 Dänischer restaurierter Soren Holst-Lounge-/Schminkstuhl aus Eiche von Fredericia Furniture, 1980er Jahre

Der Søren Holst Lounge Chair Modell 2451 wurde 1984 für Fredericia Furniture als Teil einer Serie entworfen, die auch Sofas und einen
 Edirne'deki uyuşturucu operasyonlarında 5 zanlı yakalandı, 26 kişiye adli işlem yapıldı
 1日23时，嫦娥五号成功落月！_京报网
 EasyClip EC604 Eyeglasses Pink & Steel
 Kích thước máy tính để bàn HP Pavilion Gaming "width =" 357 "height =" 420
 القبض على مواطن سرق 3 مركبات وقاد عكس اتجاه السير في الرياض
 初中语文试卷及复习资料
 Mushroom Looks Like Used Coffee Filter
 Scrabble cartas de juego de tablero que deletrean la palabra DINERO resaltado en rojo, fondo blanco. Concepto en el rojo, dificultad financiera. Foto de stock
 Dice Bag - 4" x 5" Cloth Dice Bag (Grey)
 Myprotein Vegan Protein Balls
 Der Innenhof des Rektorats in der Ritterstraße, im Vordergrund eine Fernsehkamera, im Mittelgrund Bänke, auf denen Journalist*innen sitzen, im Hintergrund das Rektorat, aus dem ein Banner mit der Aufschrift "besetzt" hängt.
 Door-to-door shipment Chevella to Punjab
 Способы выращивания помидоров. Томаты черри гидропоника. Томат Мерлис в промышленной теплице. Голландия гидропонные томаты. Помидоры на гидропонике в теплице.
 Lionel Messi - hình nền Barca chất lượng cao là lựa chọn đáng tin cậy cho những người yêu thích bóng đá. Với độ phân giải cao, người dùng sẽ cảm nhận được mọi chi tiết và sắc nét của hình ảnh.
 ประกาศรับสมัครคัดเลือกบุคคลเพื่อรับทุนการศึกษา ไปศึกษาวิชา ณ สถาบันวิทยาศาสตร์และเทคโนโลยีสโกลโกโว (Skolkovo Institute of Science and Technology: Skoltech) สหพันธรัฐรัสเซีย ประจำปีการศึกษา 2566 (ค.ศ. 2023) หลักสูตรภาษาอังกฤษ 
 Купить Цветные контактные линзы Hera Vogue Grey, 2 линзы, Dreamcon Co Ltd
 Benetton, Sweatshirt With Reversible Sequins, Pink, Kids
-- -- --
[THE PROBLEM] All lines above from the line with "EasyClip EC604 Eyeglasses Pink & Steel" through the line with "Способы выращивания помидоров.", both included, are to be set down exactly, with nothing else.

[TASK SOLUTION]
 EasyClip EC604 Eyeglasses Pink & Steel
 Kích thước máy tính để bàn HP Pavilion Gaming "width =" 357 "height =" 420
 القبض على مواطن سرق 3 مركبات وقاد عكس اتجاه السير في الرياض
 初中语文试卷及复习资料
 Mushroom Looks Like Used Coffee Filter
 Scrabble cartas de juego de tablero que deletrean la palabra DINERO resaltado en rojo, fondo blanco. Concepto en el rojo, dificultad financiera. Foto de stock
 Dice Bag - 4" x 5" Cloth Dice Bag (Grey)
 Myprotein Vegan Protein Balls
 Der Innenhof des Rektorats in der Ritterstraße, im Vordergrund eine Fernsehkamera, im Mittelgrund Bänke, auf denen Journalist*innen sitzen, im Hintergrund das Rektorat, aus dem ein Banner mit der Aufschrift "besetzt" hängt.
 Door-to-door shipment Chevella to Punjab
 Способы выращивания помидоров. Томаты черри гидропоника. Томат Мерлис в промышленной теплице. Голландия гидропонные томаты. Помидоры на гидропонике в теплице.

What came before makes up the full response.